Health Care Professionals
Stories abound of doctors confronted by patients, reamfuls of information gleaned from the Internet in hand, who challenge the physician's knowledge by asking: “why didn't you tell me about this?” As more and more individuals use the Internet to gather health related information, this scenario is likely to continue unless health care professionals take a more proactive role in helping health care consumers use the Internet to find medical information. In one scenario, a physician who diagnoses a patient with prostate cancer, can guide that patient to a set of web sites they have personally evaluated and contain relevant information about the disease, its treatments, the side effects of those treatments, and the prognosis for recovery. Alternatively, physicians and physician practices can begin to build their own web sites that contain links to recommended web sites. On these sites, physicians can build their own digital libraries. These digital libraries can contain links to more detailed sites and even links to articles the physician has read and believe will be beneficial to the patient's understanding of their medical problems and their treatment. This action can work in a two fold fashion: first it can help doctors who are already pressed for time educate their patients using a medium that more and more of their patients will use to find medical information. Second, this action can work to reassure patients and make them feel they are getting the information and attention they need to make accurate decisions regarding their health.
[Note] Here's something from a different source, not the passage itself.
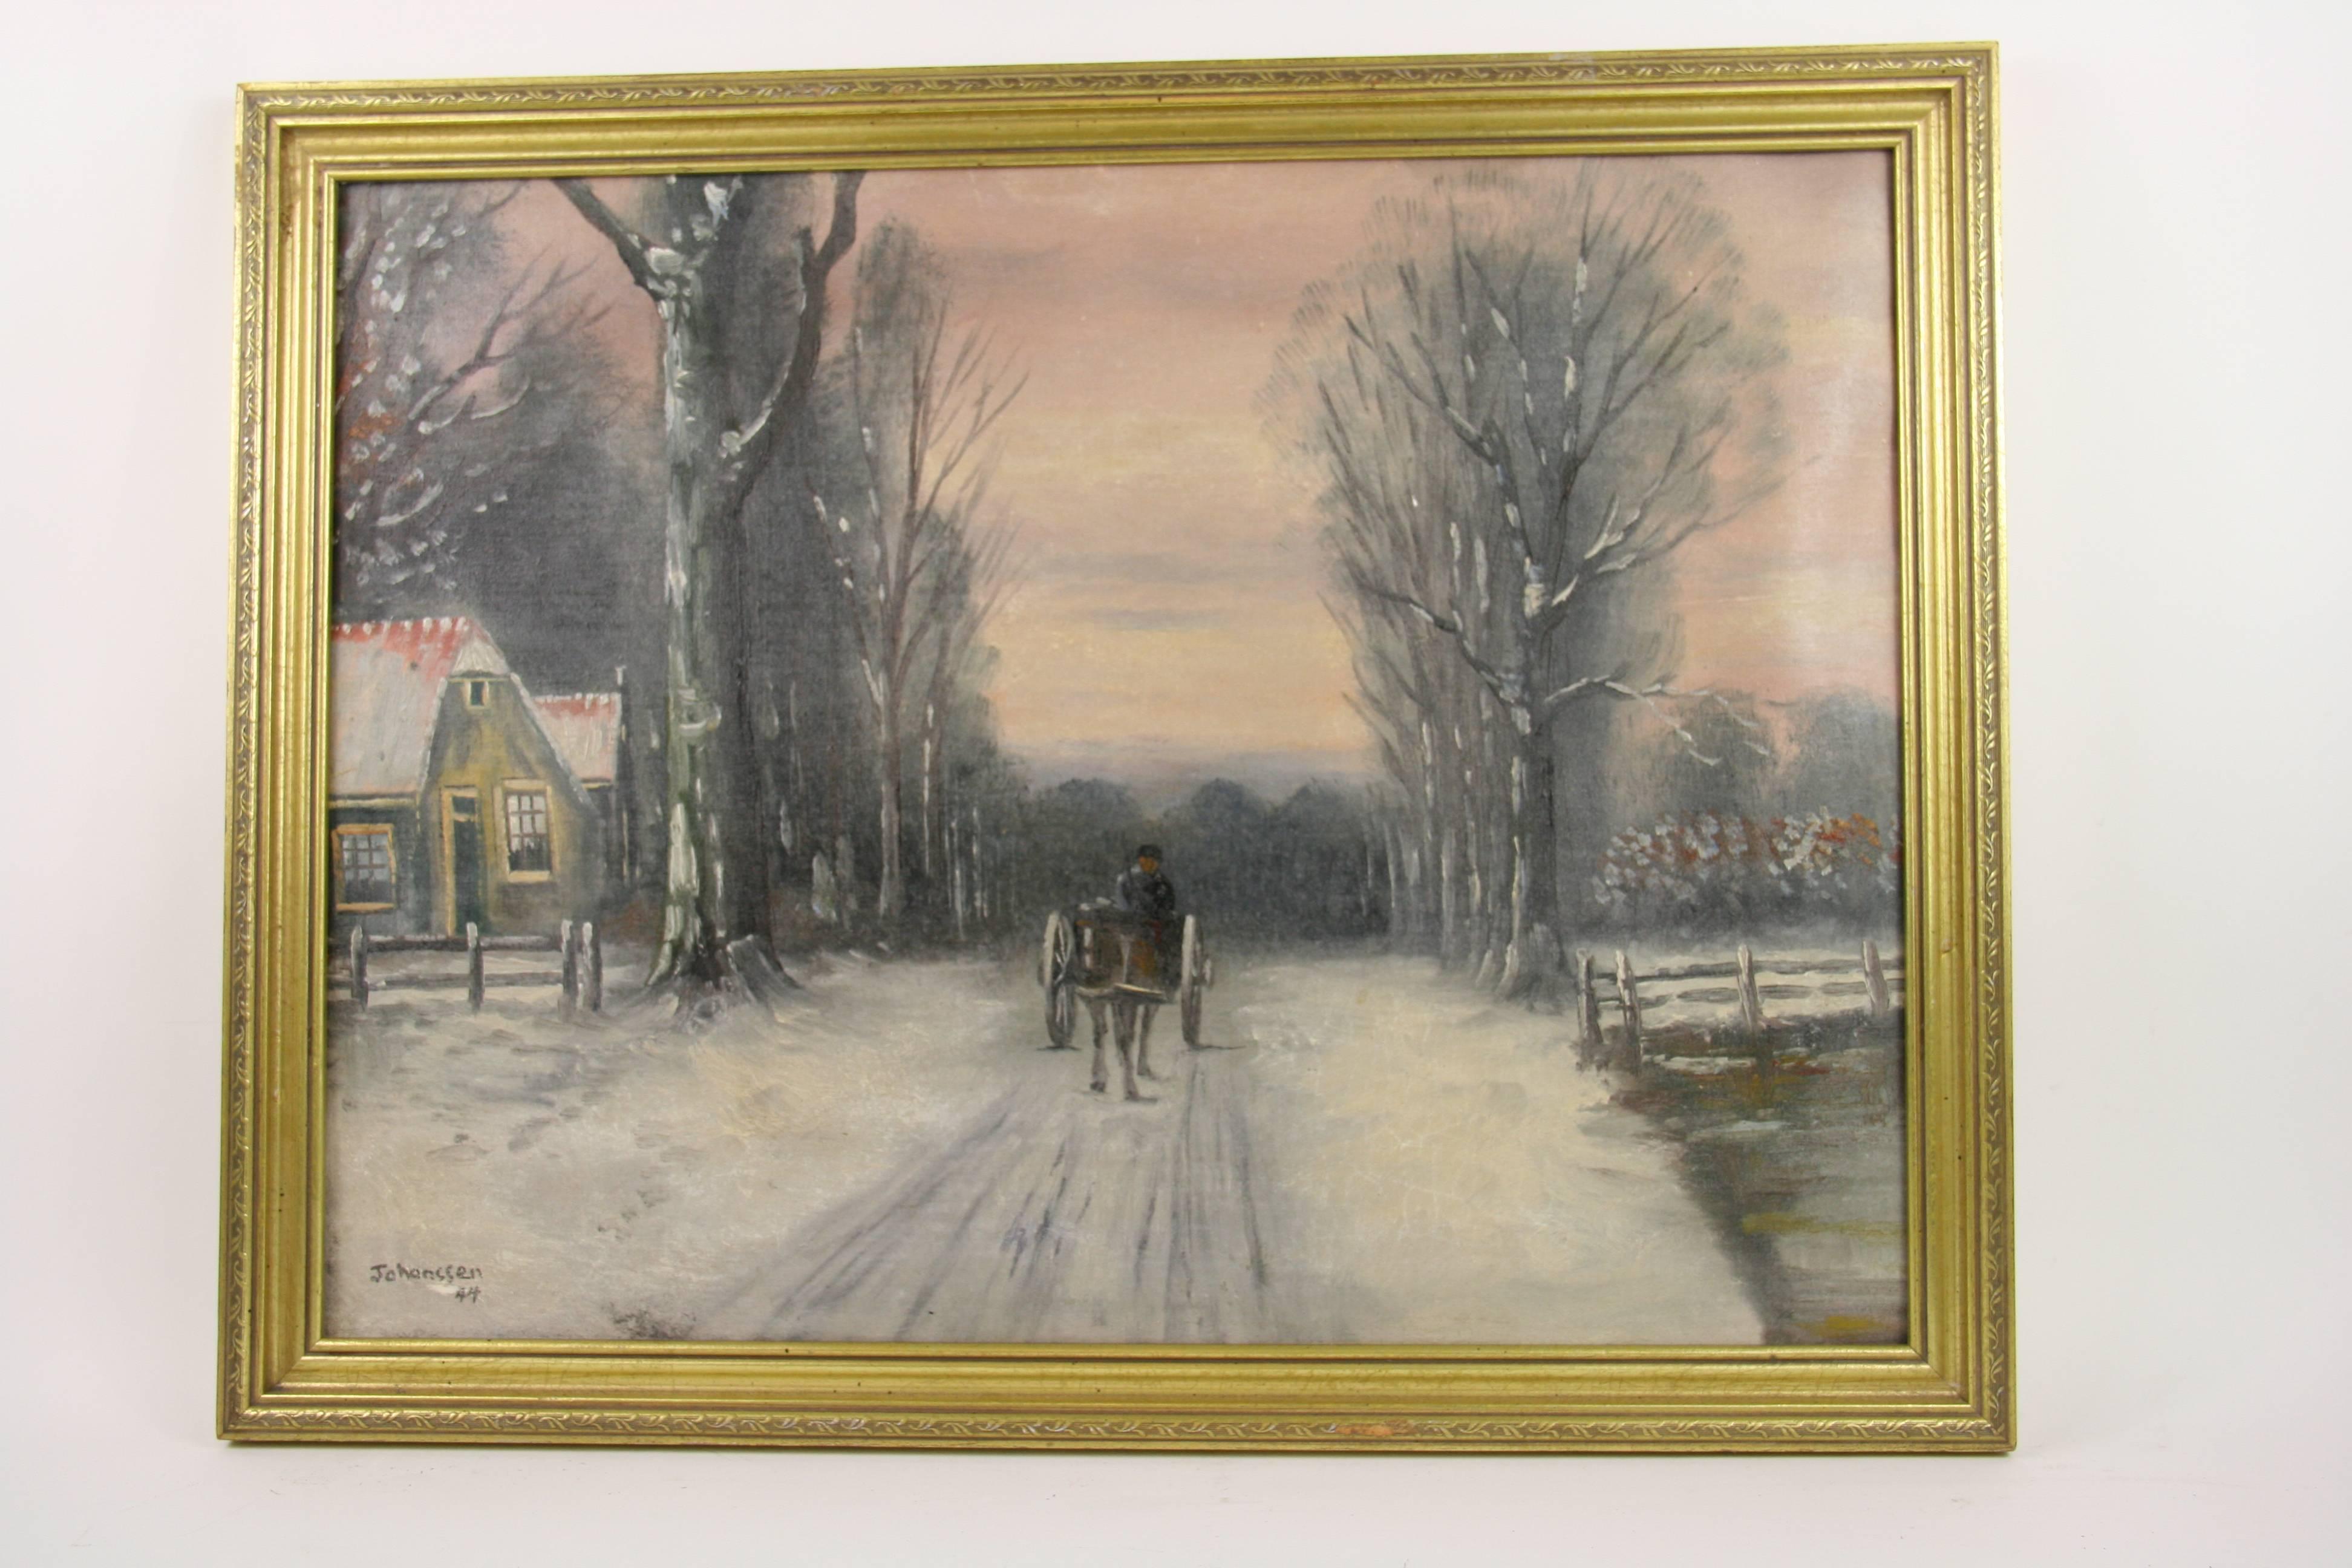 Jahanssen Landscape Painting – Antike Pferde und Kutschen  Dänisch  Winterlandschaft, Ölgemälde  Gemälde um 1940

In taking a more proactive role in terms of the Internet and its use, physician's can work collaboratively with their patients towards the creation of a health care environment that is safe, effective, patient centered, timely, efficient, and equitable.
With the rise of the Internet, now more than ever, the health care consumer has instant access to information and products that claim to cure everything from the common cold to various forms of cancer. This new found ability, all at once, puts the health care consumer in both a privileged and precarious position. Privileged because with an appropriate mental model of how the Internet works and how it can be used to locate health related information, an online health consumer has the power to become an expert in a selected health related topic. Precarious, because the consumer can fall prey to medical quacks55, outdated and erroneous information, and a wide array of products and devices that do not work as advertised, or adversely affect individual health.56 Ultimately, the dynamic between the health care consumer and the Internet, can profoundly impact the quality of care received, relationships with health care providers, and the roles played in the management of individual health care.